## [RECORDED INFORMATION]
..............................

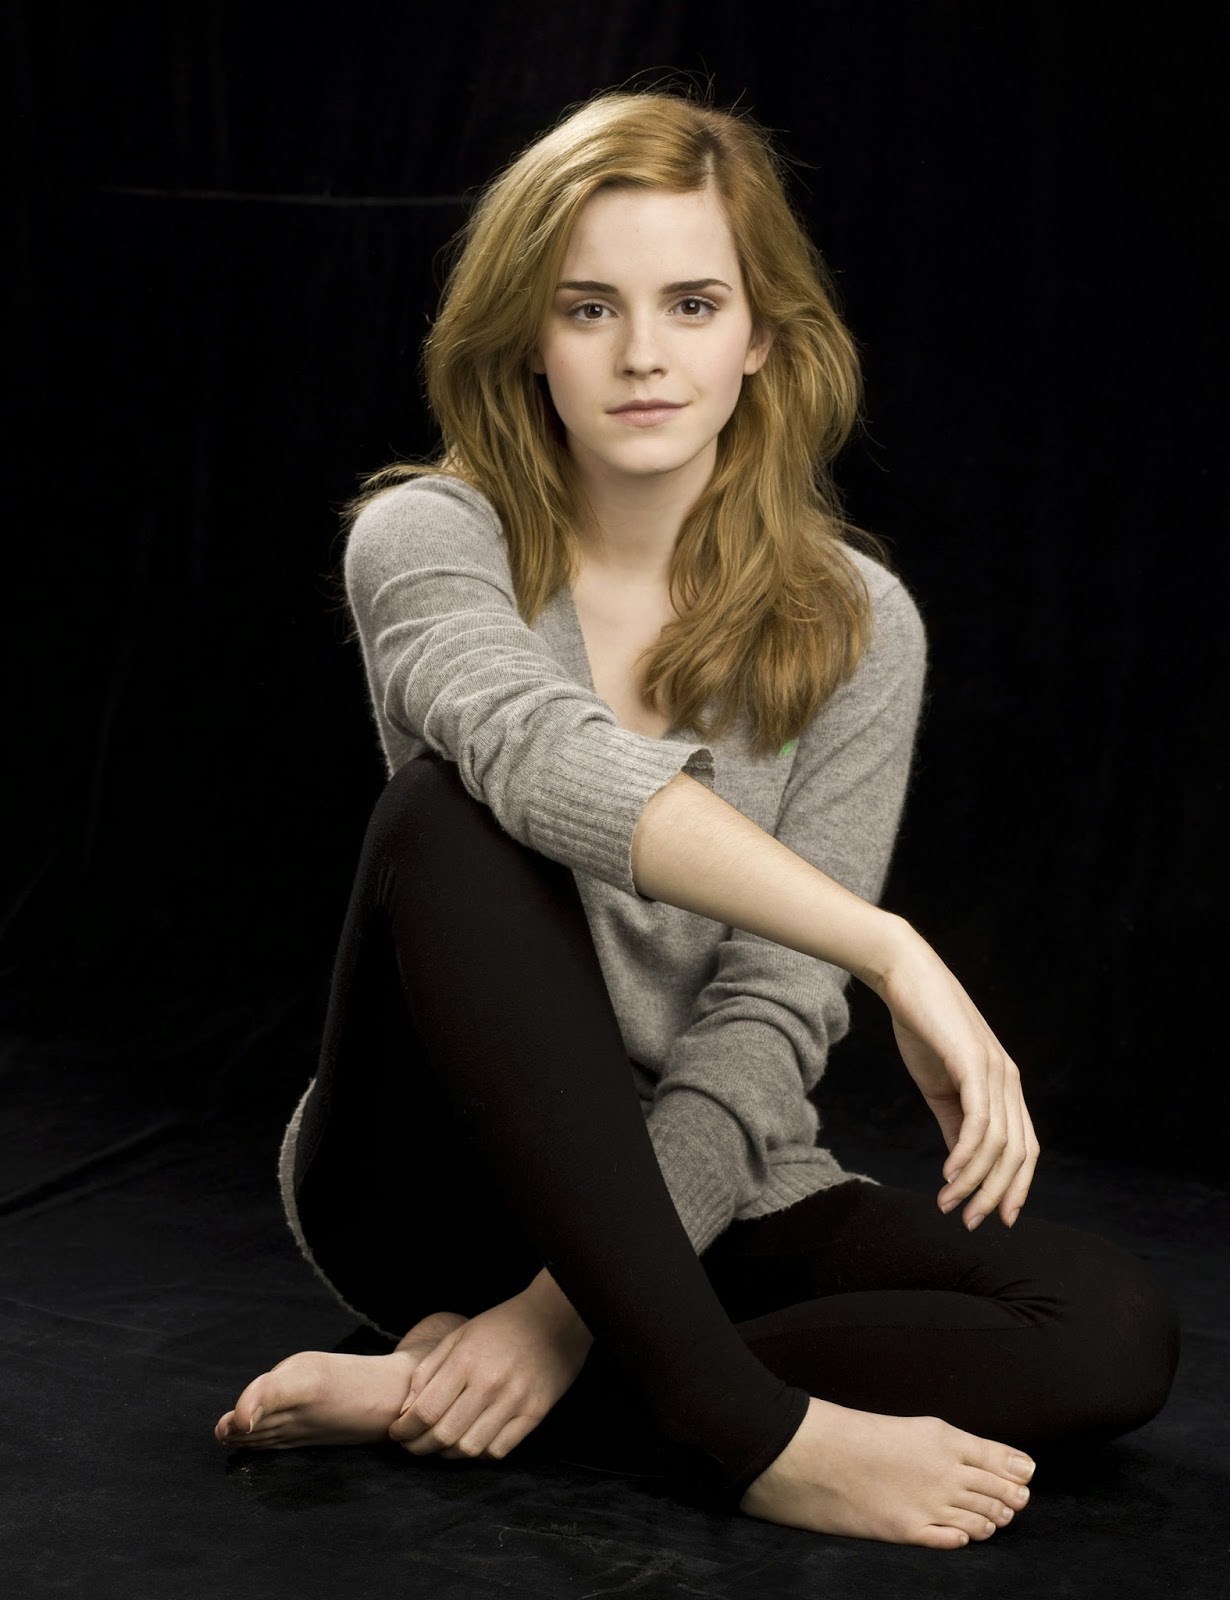 celebrity legs and feets : emma watson cute feet and legs1230 x 1600
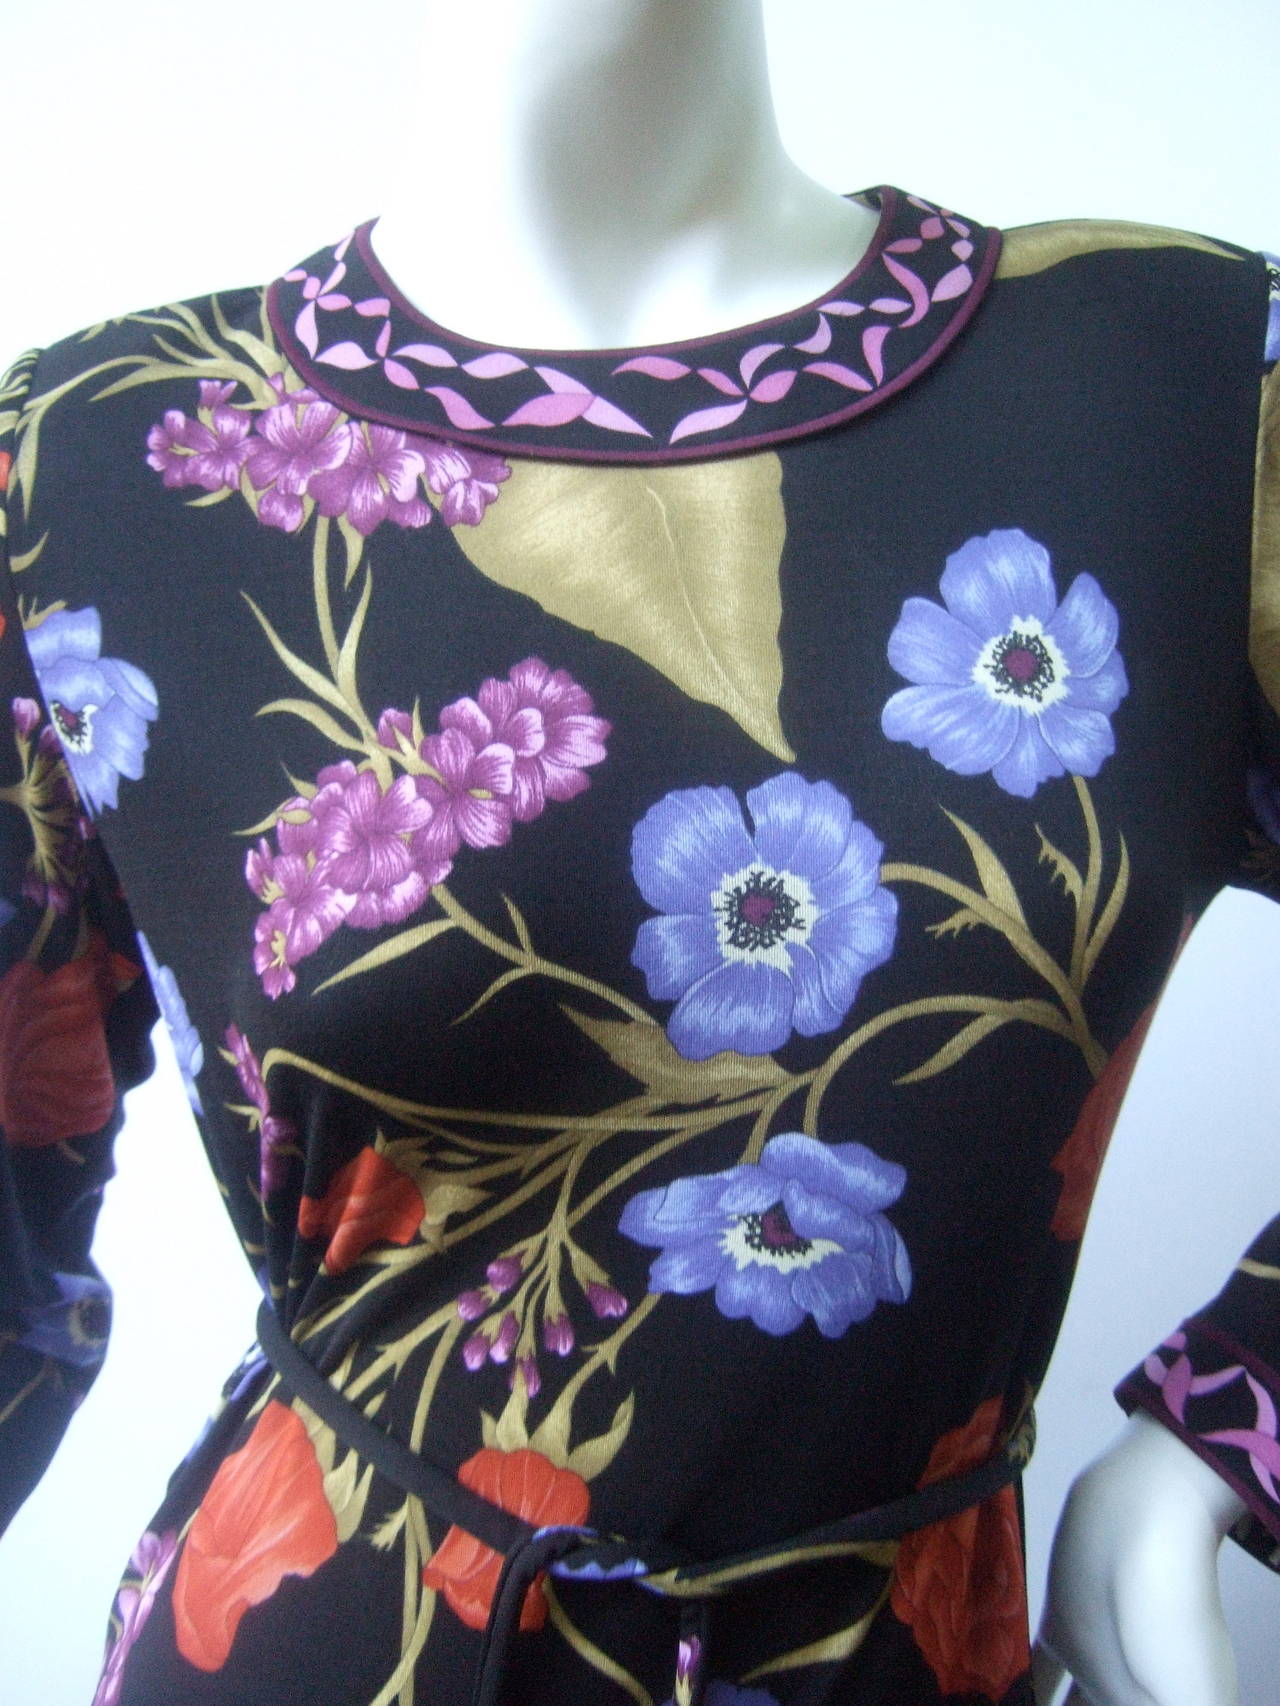 Averardo Bessi Silk jersey floral print dress for Saks Fifth Avenue US Size 4
The vibrant print jersey dress is illuminated with a field of lush flower blooms
The sinuous lavender, violet & burnt orange flowers burst against the black silk

..............................

## [TASK DETAILS]
The expected output is a verbatim retyping of each line from the one with "The vibrant print" to the end of the listing above, with both end lines kept and nothing added.

## [COMPLETED TASK]
The vibrant print jersey dress is illuminated with a field of lush flower blooms
The sinuous lavender, violet & burnt orange flowers burst against the black silk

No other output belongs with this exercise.